### WORK INSTRUCTION
The expected result is a word-for-word copy of the entries, minus any pictures.

BEGIN DATASET RECORDS

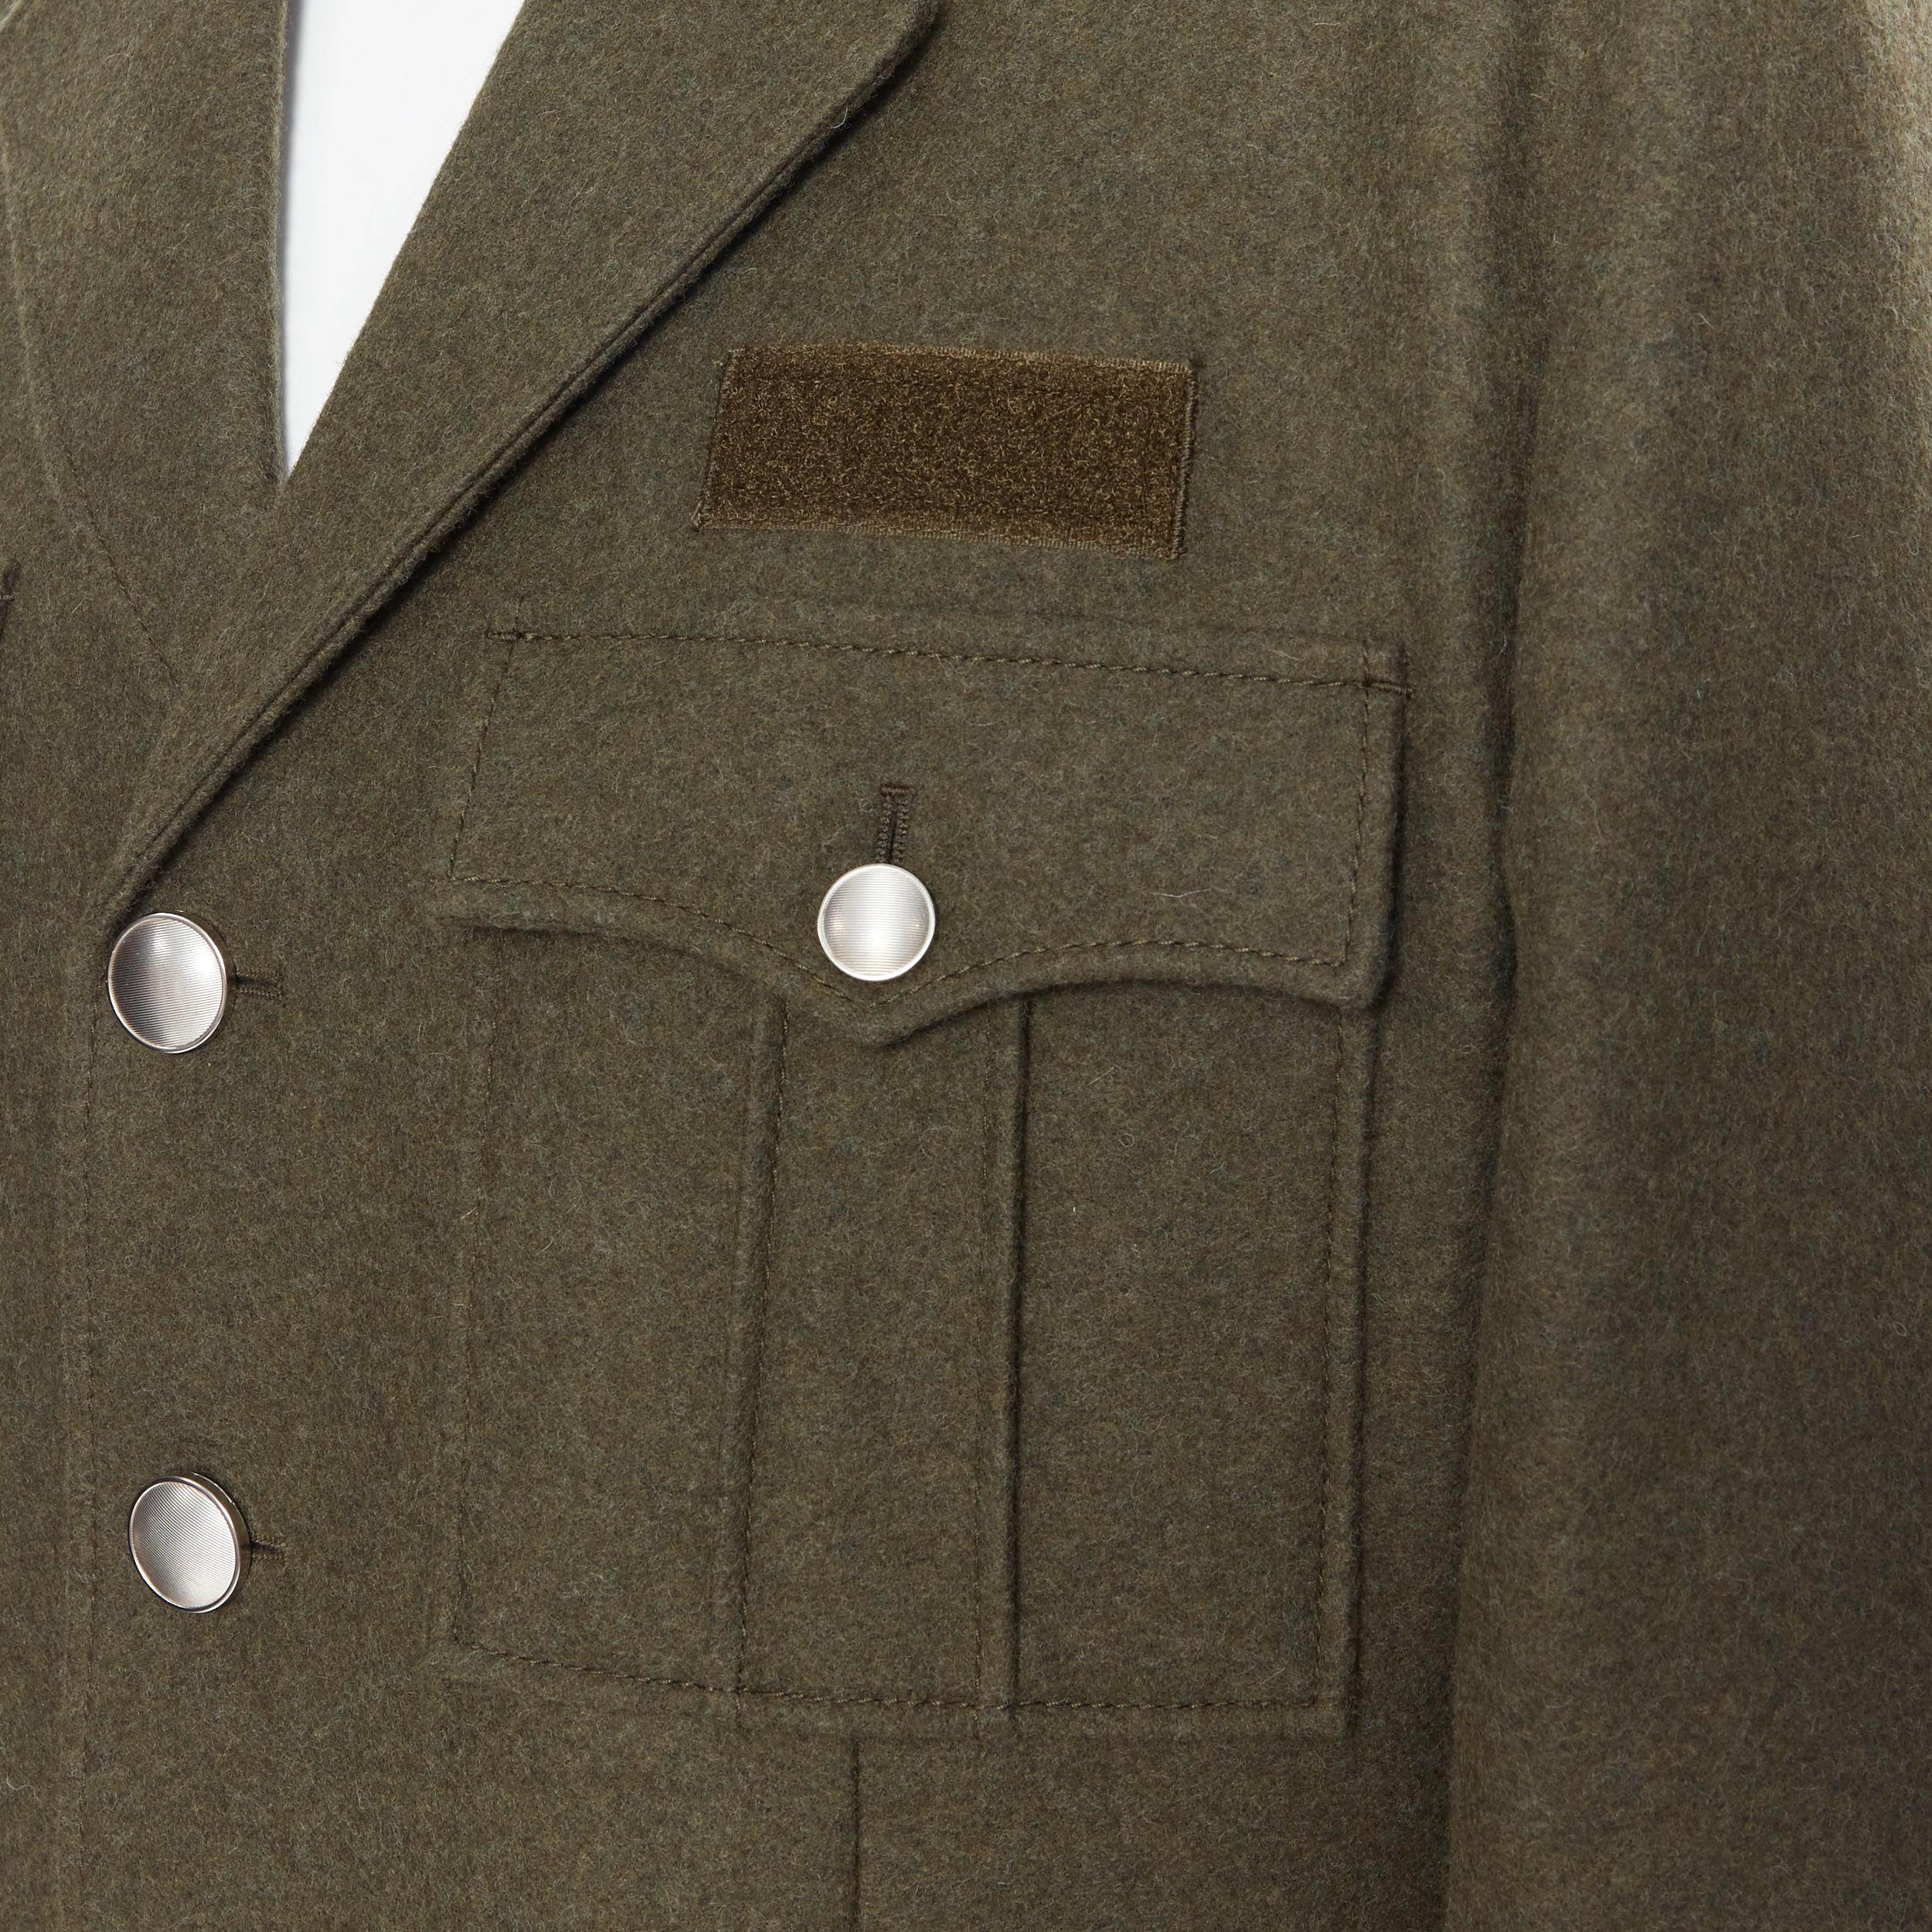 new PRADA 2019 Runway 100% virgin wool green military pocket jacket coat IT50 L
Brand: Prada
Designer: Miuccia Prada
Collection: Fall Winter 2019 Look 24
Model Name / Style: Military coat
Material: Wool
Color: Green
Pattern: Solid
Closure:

END DATASET RECORDS

### SOLUTION FOR THIS TASK
 new PRADA 2019 Runway 100% virgin wool green military pocket jacket coat IT50 L
Brand: Prada
Designer: Miuccia Prada
Collection: Fall Winter 2019 Look 24
Model Name / Style: Military coat
Material: Wool
Color: Green
Pattern: Solid
Closure:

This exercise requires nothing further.